Cureus ; 13(5): e15000, 2021 May 13.
Artigo em Inglês | MEDLINE | ID: mdl-34131541

RESUMO

Background Diagnosing female genital tuberculosis (FGTB) is very difficult by routine laboratory investigations. Collecting tissues from genital structures, especially from tubes for histology, is impossible. The cartridge-based nucleic amplification (CBNAAT)/Xpert RIF test is a new polymerase chain reaction (PCR)-based method that is quick and may diagnose FGTB from any tissue type; however, it should not be contaminated with blood.

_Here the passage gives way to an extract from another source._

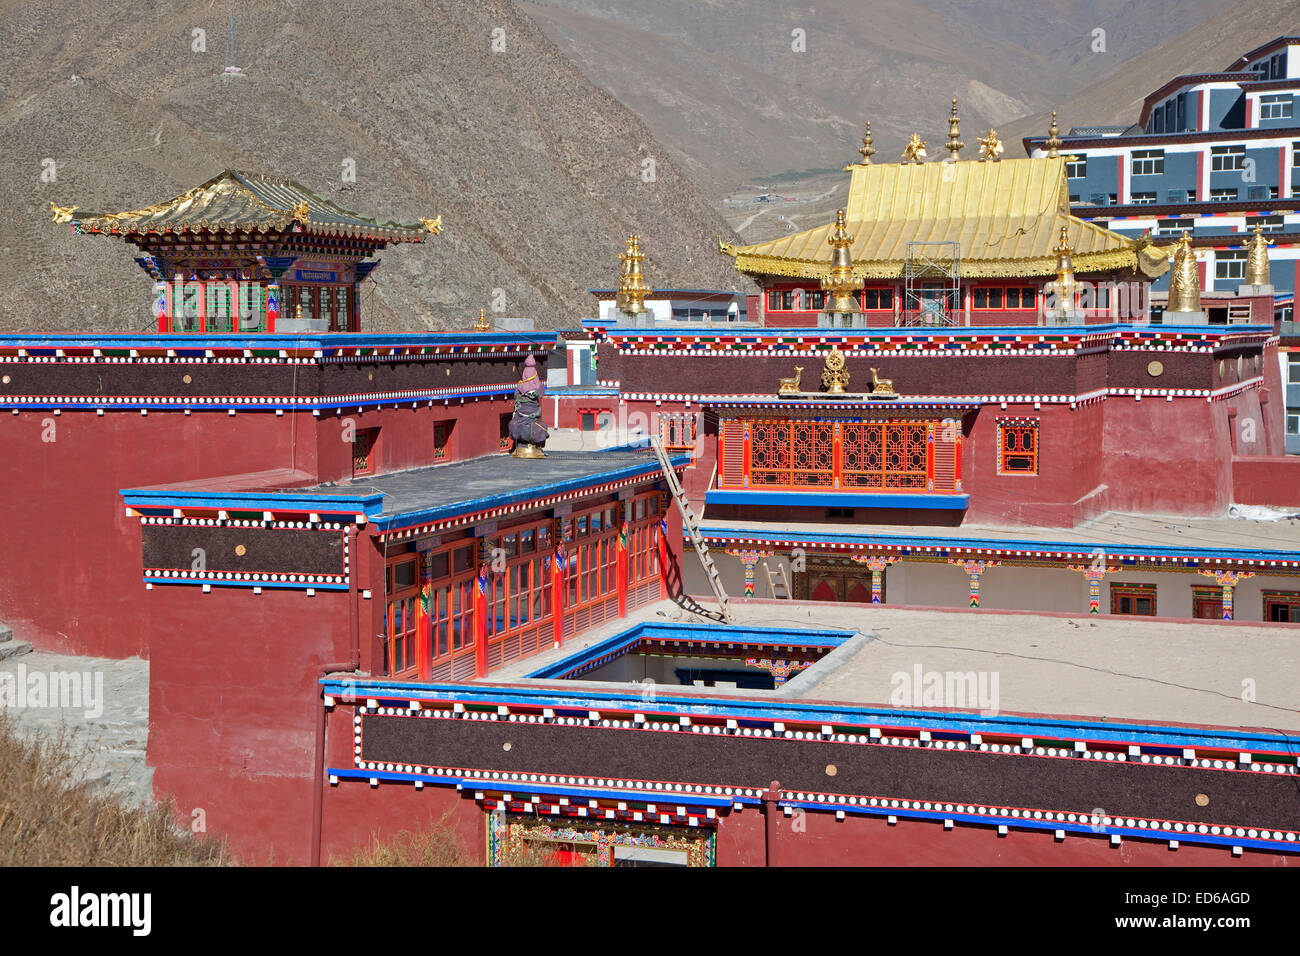 La reconstruction de Yushu à nouveau Thrangu Gompa tibétain du monastère Thrangu après le séisme de Yushu 2010, province de Qinghai, Chine Banque D'Images

This study was conducted to compare the efficacy of CBNAAT and the histology of genital tissue in suspected cases. Materials and methods This was a prospective study of the diagnostic efficacy of 91 cases of suspected FGTB randomly selected from March 2018 to September 2019 at a rural tertiary care center. Endometrial tissue collected in 86 patients (59 infertility, 27 menstrual irregularities) and tubal/peritoneal tissue from hysterectomy or laparotomy specimens of five participants who underwent surgery were sent for histopathological analysis and CBNAAT and the results were evaluated and compared. Results There were 59 (64.83%) and 32 (35.2%) cases of infertility and menstrual irregularities, respectively. Primary infertility (38; 41.75%) was the most common complaint. Endometrial biopsies (EB) of two (2.23%) cases were found positive for tuberculosis (TB) both on histopathological examination (HPE) and CBNAAT. In addition, both patients had primary infertility. Of the 32 cases with menstrual abnormalities (27 EB and three tubal tissue, two peritoneal and nodular tissue), none were found to be positive for TB on HPE or CBNAAT. A highly significant association was found between histopathology and CBNAAT (p<0.0001) in the endometrial tissue of infertile patients. Sensitivity, specificity, positive predictive value (PPV), and negative predictive value (NPV) were 100% for CBNAAT, with reference to histopathology. Conclusion We recommend CBNAAT for the early detection of FGTB, with the added advantage of early results, minimal technical expertise, and detection of drug-resistant tuberculosis (TB).